Make sure to read the whole paragraph; it is not too clearly expressed. But what it says is she could dismiss the charges. If done before the trial begins, they could retry hopefully getting a different judge. But once the trial begins, there can be no retrial.
Now I am not a lawyer but when I was growing up, my understanding was a judge could direct a verdict of acquittal and the jury would have to go along. Of course, that was in PA and might not be universal.
They can’t just make stuff up though. It would likely be very very hard to get evidence of, and very hard to prove.
Jeopardy attaches when the jury is sworn in, or when the first witness is sworn in, in a bench trial. But certain things can result in a permissible do-over. Mostly they are driven by a defendant’s request – like if the defendant appeals a guilty verdict, one of the possible remedies is a retrial.
But, if a judge grants a judgment of acquittal that should not have been granted, there is typically no right to appeal and no remedy for the prosecution.
So, not to repeat myself (I hope), a MAGA-mad judge could simply acquit Trump for no reason whatsoever (she would make up some legalistic crap, of course) with no penalty.
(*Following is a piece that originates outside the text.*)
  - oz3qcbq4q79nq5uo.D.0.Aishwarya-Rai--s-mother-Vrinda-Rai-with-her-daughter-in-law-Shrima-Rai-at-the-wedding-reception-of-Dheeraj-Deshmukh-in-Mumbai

She couldn’t be removed except by impeachment (from a Senate now composed of at least 40 pro-MAGA votes), and she would be disapproved of, generally, and disrespected by her peers, some of whom are also MAGAs anyway who would applaud her.
If I were a MAGA, and convinced that Trump is a great man being persecuted by his wrongheaded political foes, who was going to be denied his rightful place in the White House if I don’t act, what would be keeping me from declaring him “Not guilty” on all counts as soon as the jury was sworn in? My conscience? My ethics?
That’s absolutely true, it would require an appelate court to make the determination that the lower judge colluded or on her own was determined to force an acquital. It’s a high bar, for sure, but one that has been successfully argued in the past.
So, the scenario I’m familiar with would take a little bit longer. In a criminal case, the prosecution presents its case first, because it has the burden of proof. When the prosecution concludes its initial presentation, and before the defense begins presenting the defense case, the defendant makes a motion that has different names in different jurisdictions. It may be called a motion for directed verdict. Here it’s called a motion for judgment of acquittal. The point of it is to argue that the prosecution failed to carry its burden as to one or more required elements of the crime.
That would be the opportunity to tank the case, if there’s any remotely plausible argument.